Work to be completed - Quote every line below exactly and skip any picture.

Information shown -
════════════════════

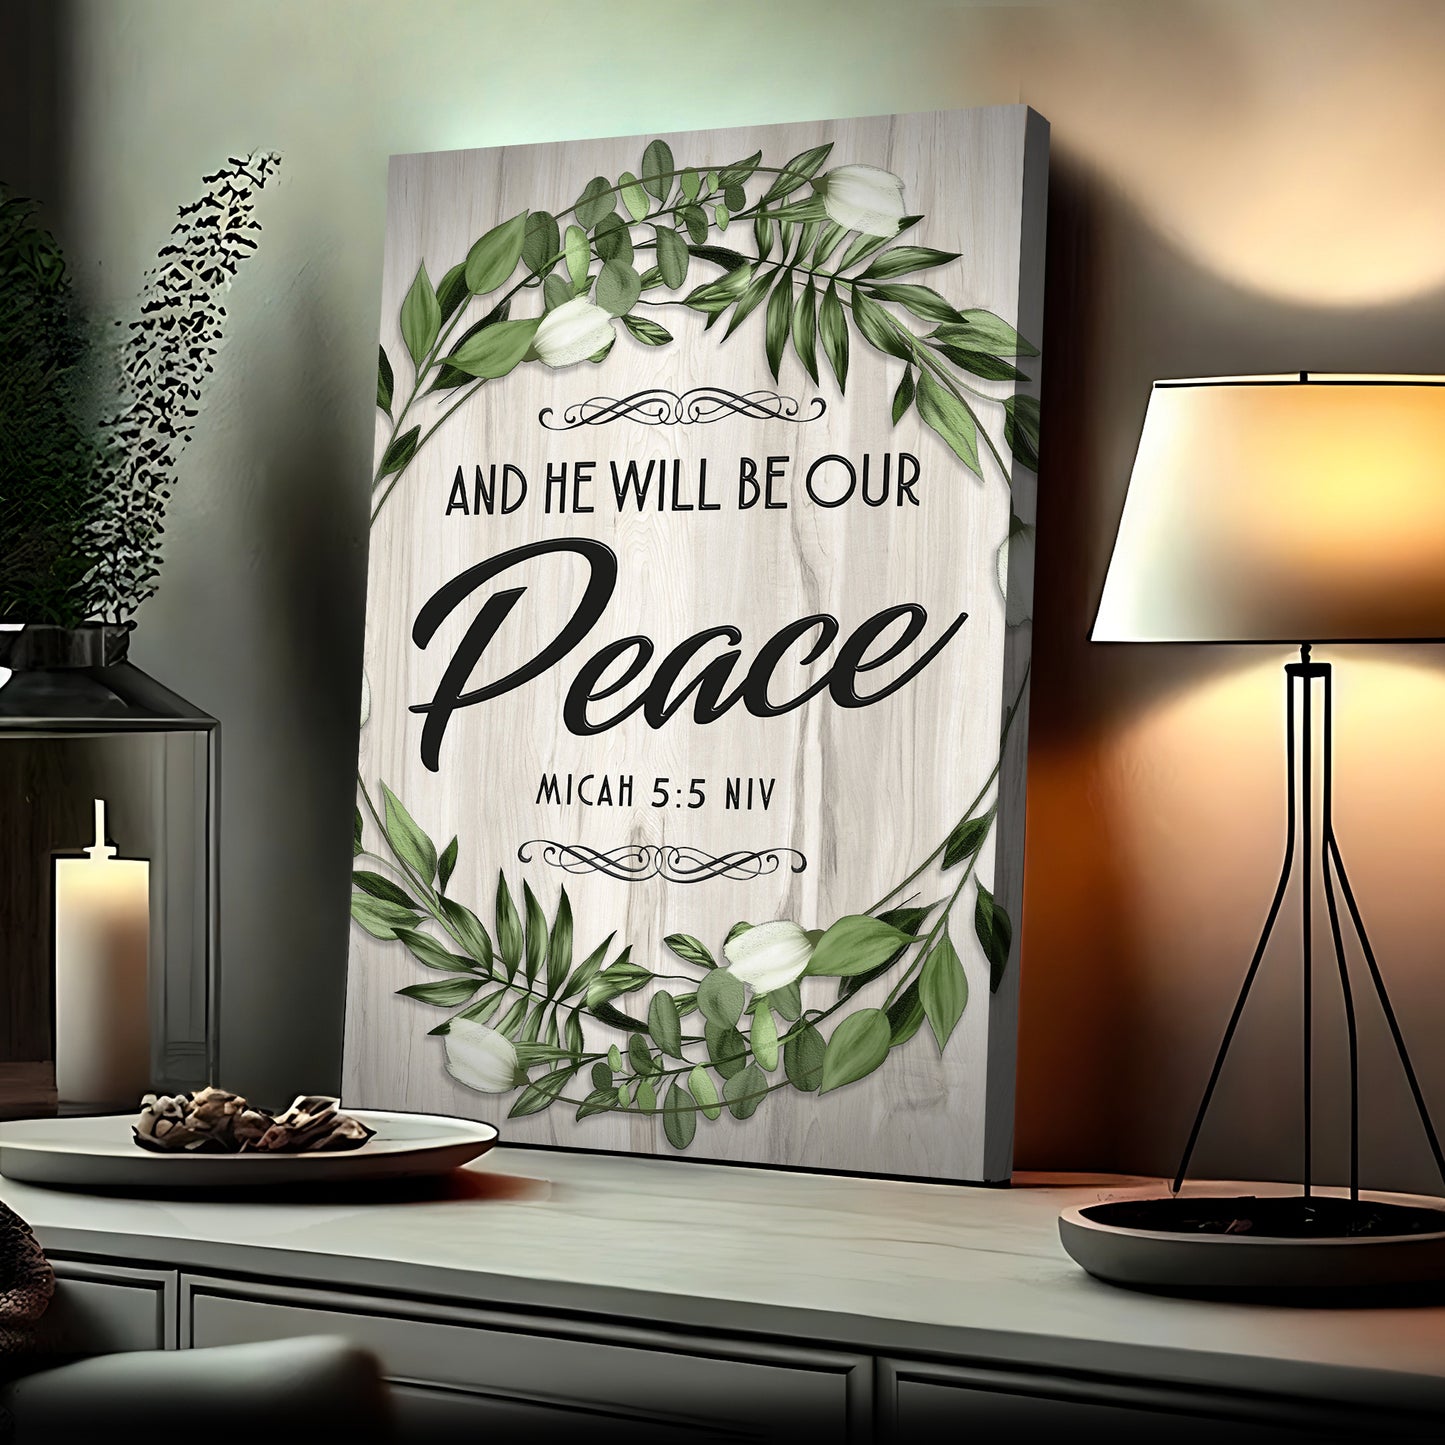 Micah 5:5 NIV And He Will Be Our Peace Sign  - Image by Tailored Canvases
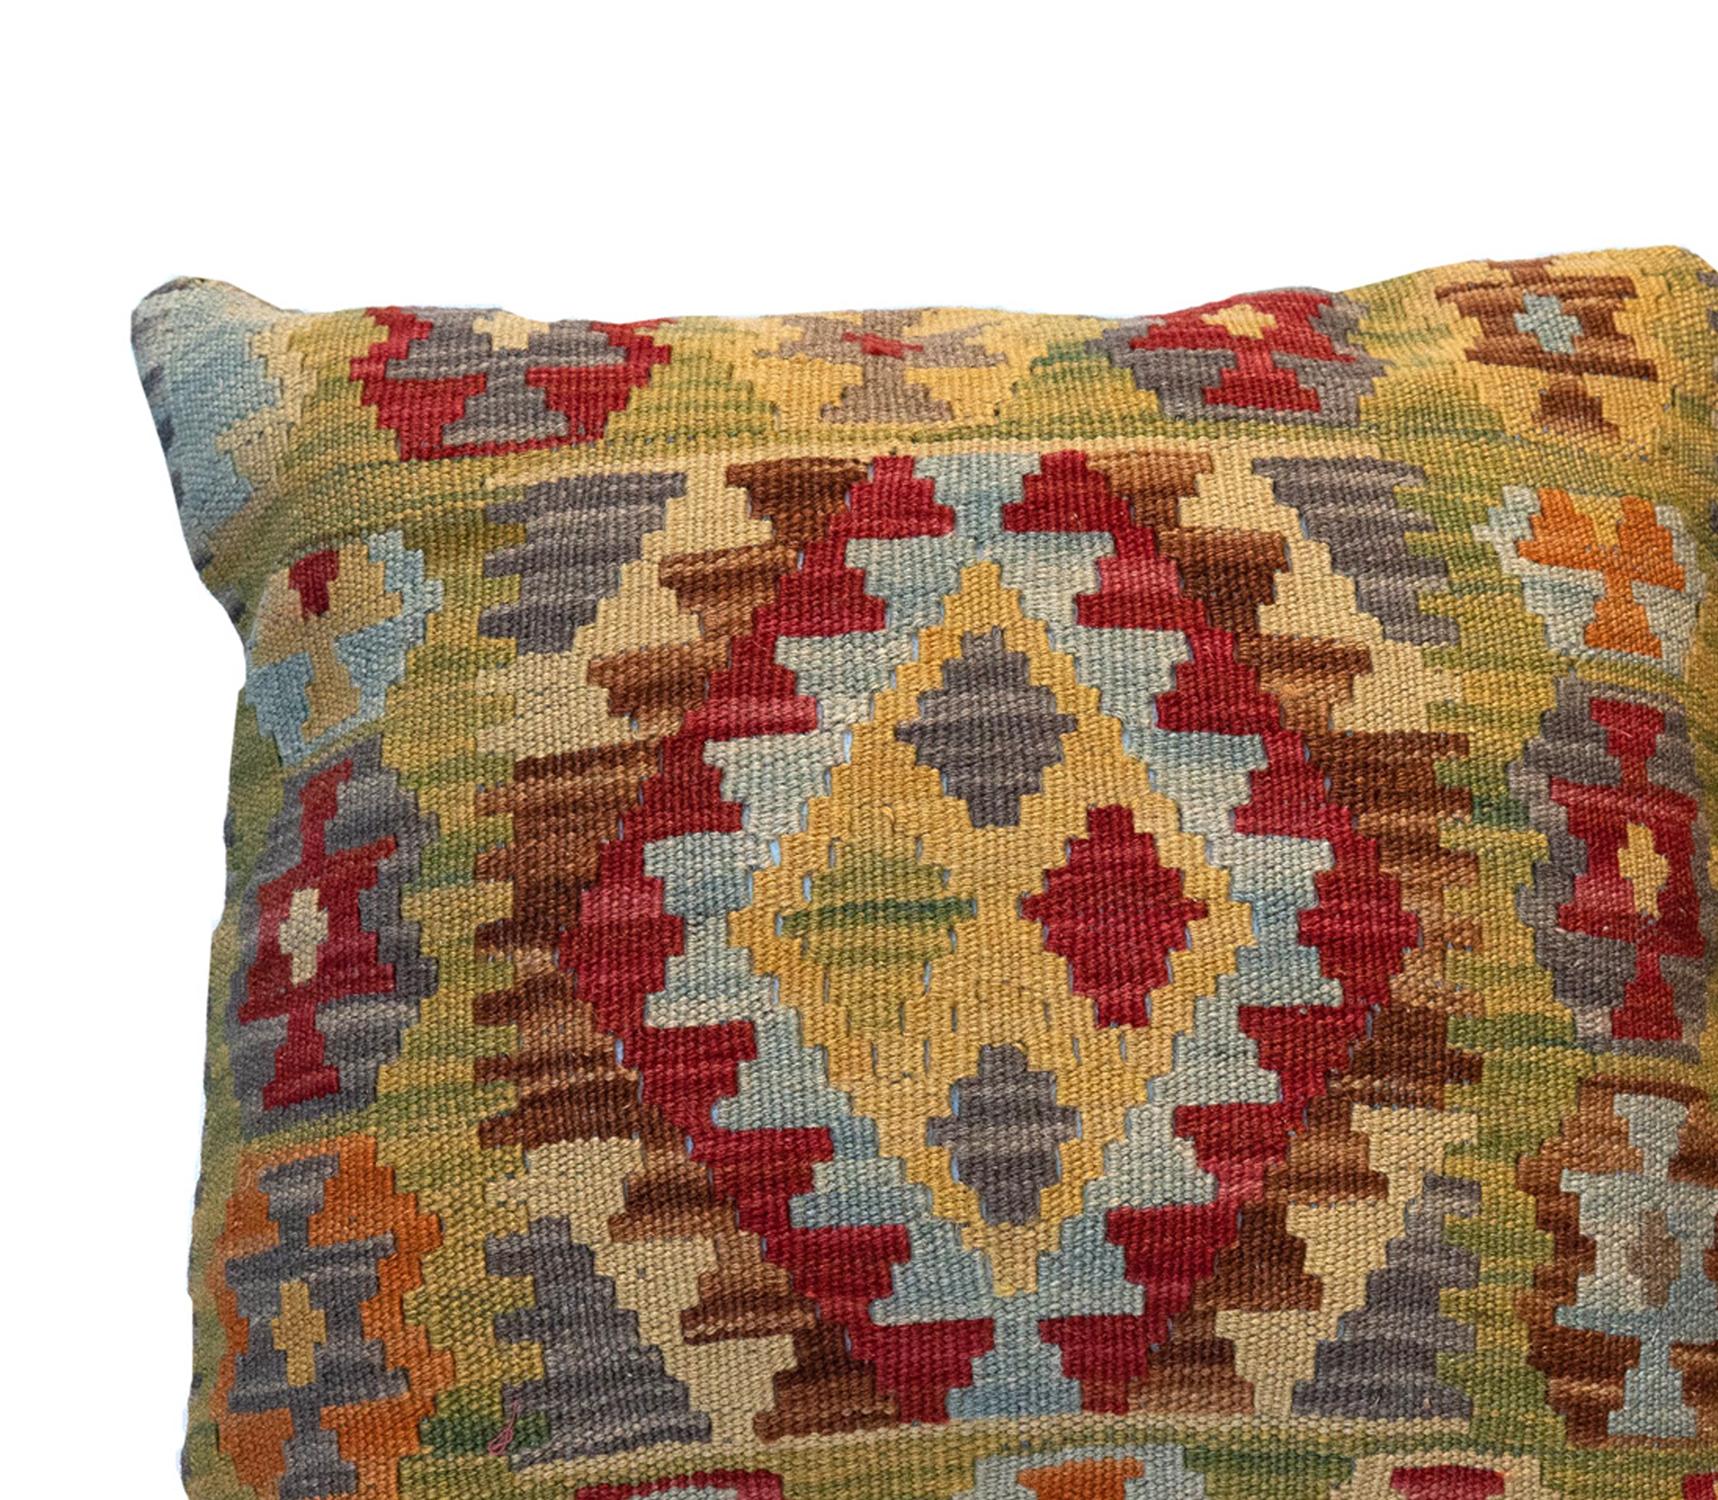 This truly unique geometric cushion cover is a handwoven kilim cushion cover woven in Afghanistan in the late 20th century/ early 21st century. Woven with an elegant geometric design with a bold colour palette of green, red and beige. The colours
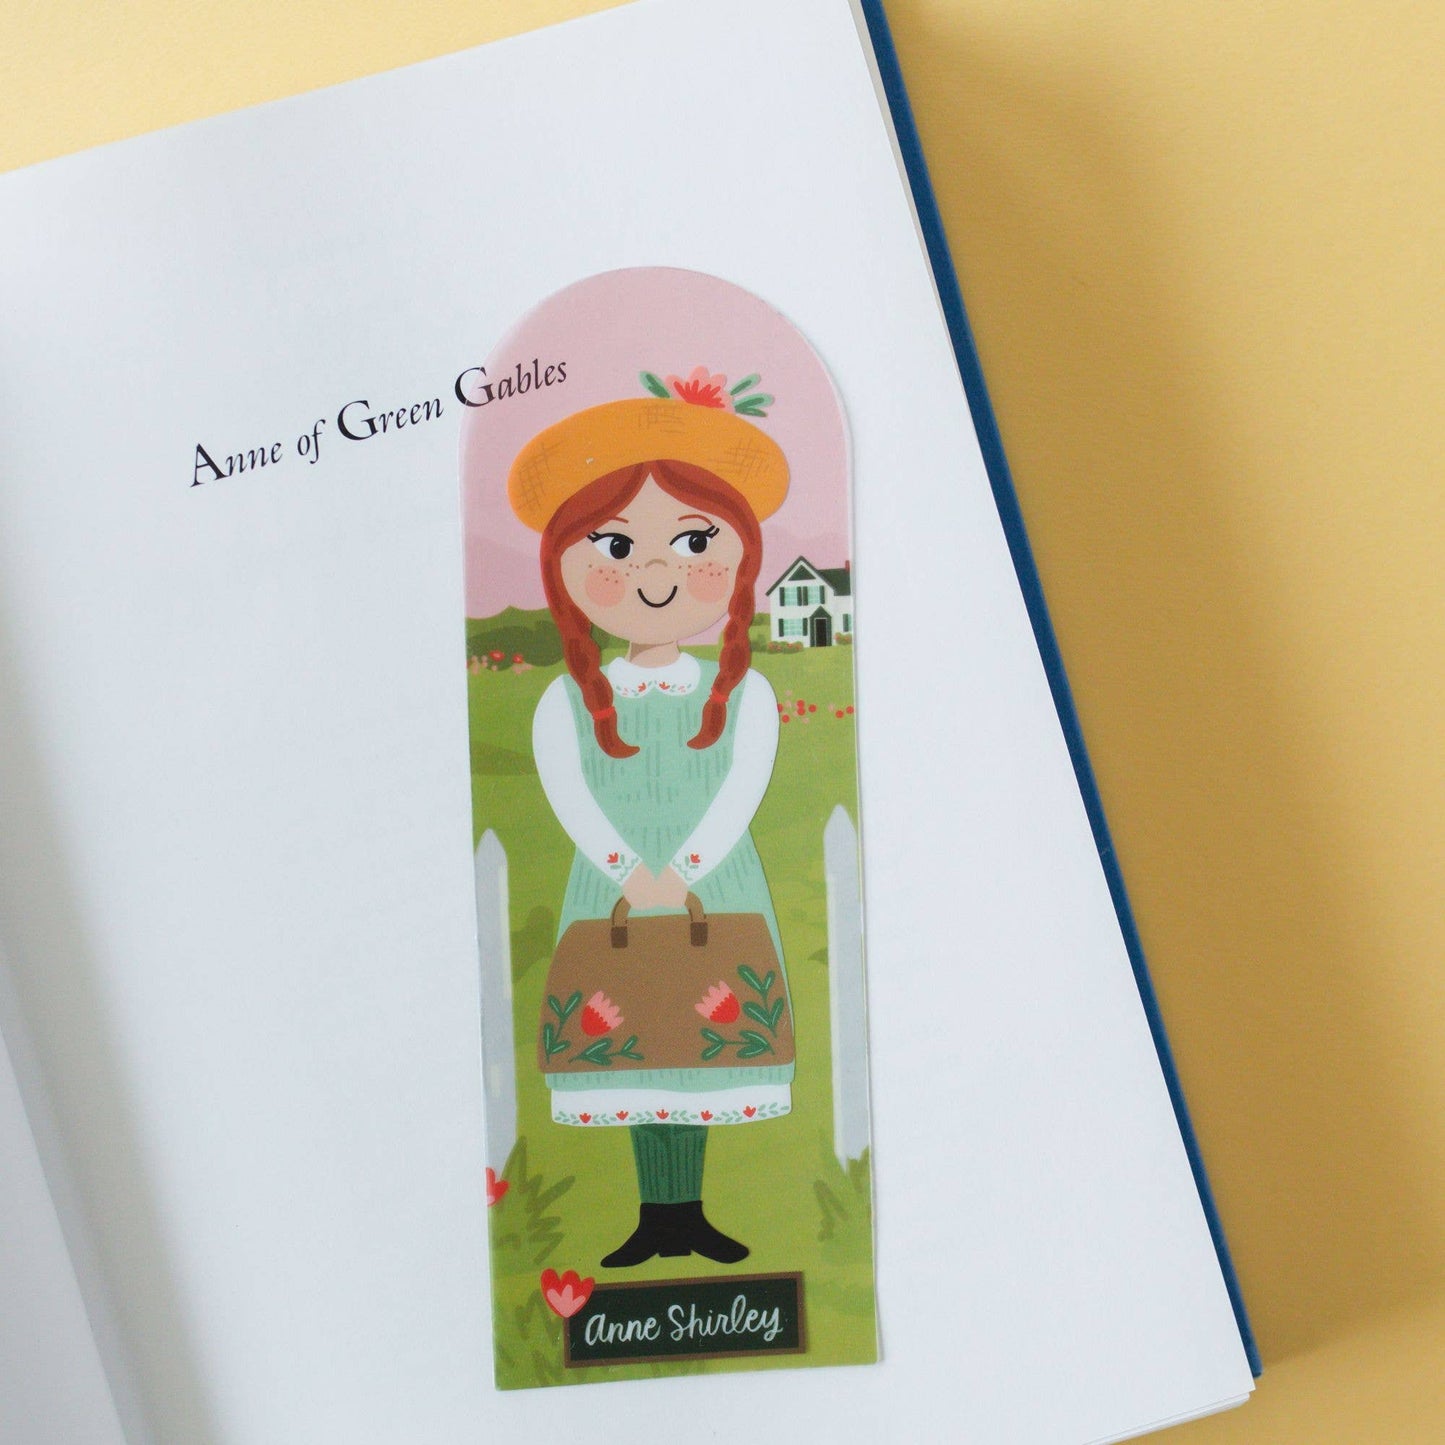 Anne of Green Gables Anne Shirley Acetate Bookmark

════════════════════

Solved exercise -
 Micah 5:5 NIV And He Will Be Our Peace Sign  - Image by Tailored Canvases
 This truly unique geometric cushion cover is a handwoven kilim cushion cover woven in Afghanistan in the late 20th century/ early 21st century. Woven with an elegant geometric design with a bold colour palette of green, red and beige. The colours
 Anne of Green Gables Anne Shirley Acetate Bookmark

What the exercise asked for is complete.